LOCUTOR 1 - Para devolver o Papa uma carta exige dois milhões e quinhentos
mil dólares... em uísque escocês.
LOCUTOR 1 - Outra carta exige uma lei liberando imediatamente o uso de tudo o
que é droga , o estupefaciente, a cocaína, o ópio, haxixe, etc.
LOCUTOR 1 - Diz o autor da missiva: “Se vocês quiserem o papa de volta, tratem
de suspender vossas estúpidas guerras, revoluções, execuções e
agressões e cuidem de não matar ninguém durante um dia inteiro a
começar das 18 horas de amanhã”.
LOCUTOR 2 - Esta última mensagem, meus amigos, veio até com restos de
pepino junto e com um sobescrito. Resgate do Papa. Eis o papel.

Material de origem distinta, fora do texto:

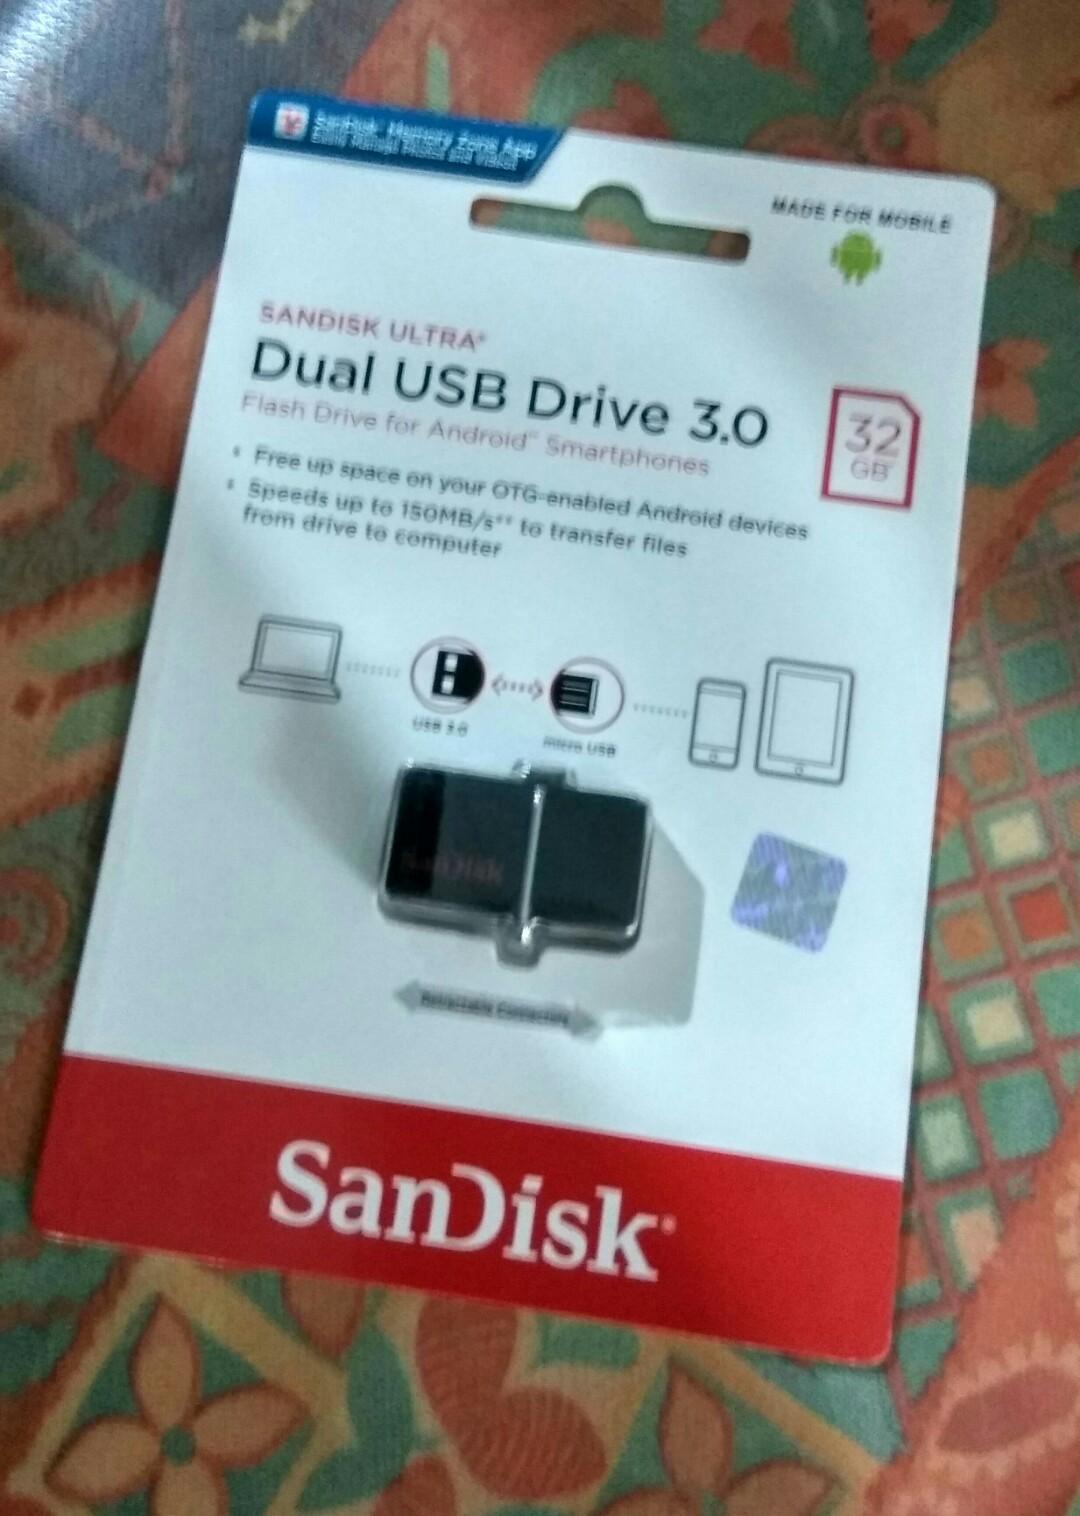 Cek Harga Baru Sandisk Flashdisk Usb 3 Otg 32gb Up To 130 Mb S Ori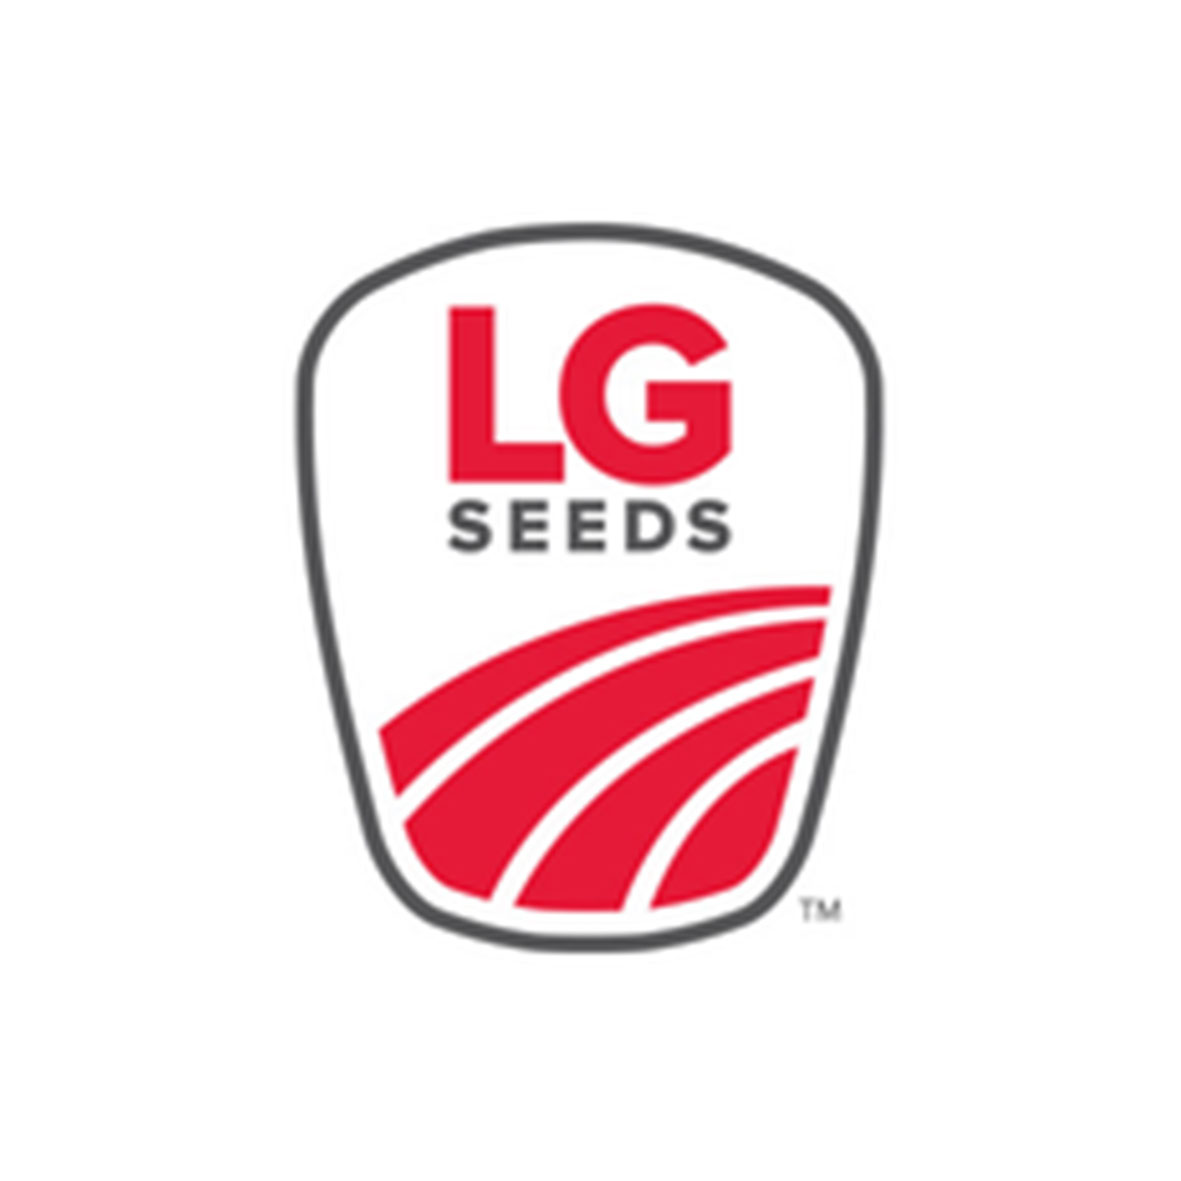 lg-seeds-partenaire-agroecologie

DURANTE ESSAS ÚLTIMAS FALAS SAM JÁ TINHA ENTRADO SEM O
RABINO E COM UM AR BASTANTE SATISFEITO. TODOS OLHAM PARA ELE.
SARA - Este não é aquele saco que eu te dei para embrulhar pepinos ?
SAM - É.
IRVING - Então o senhor me joga fora uma chance dessas de faturar um milhão?
MIRIAM - Shhhh!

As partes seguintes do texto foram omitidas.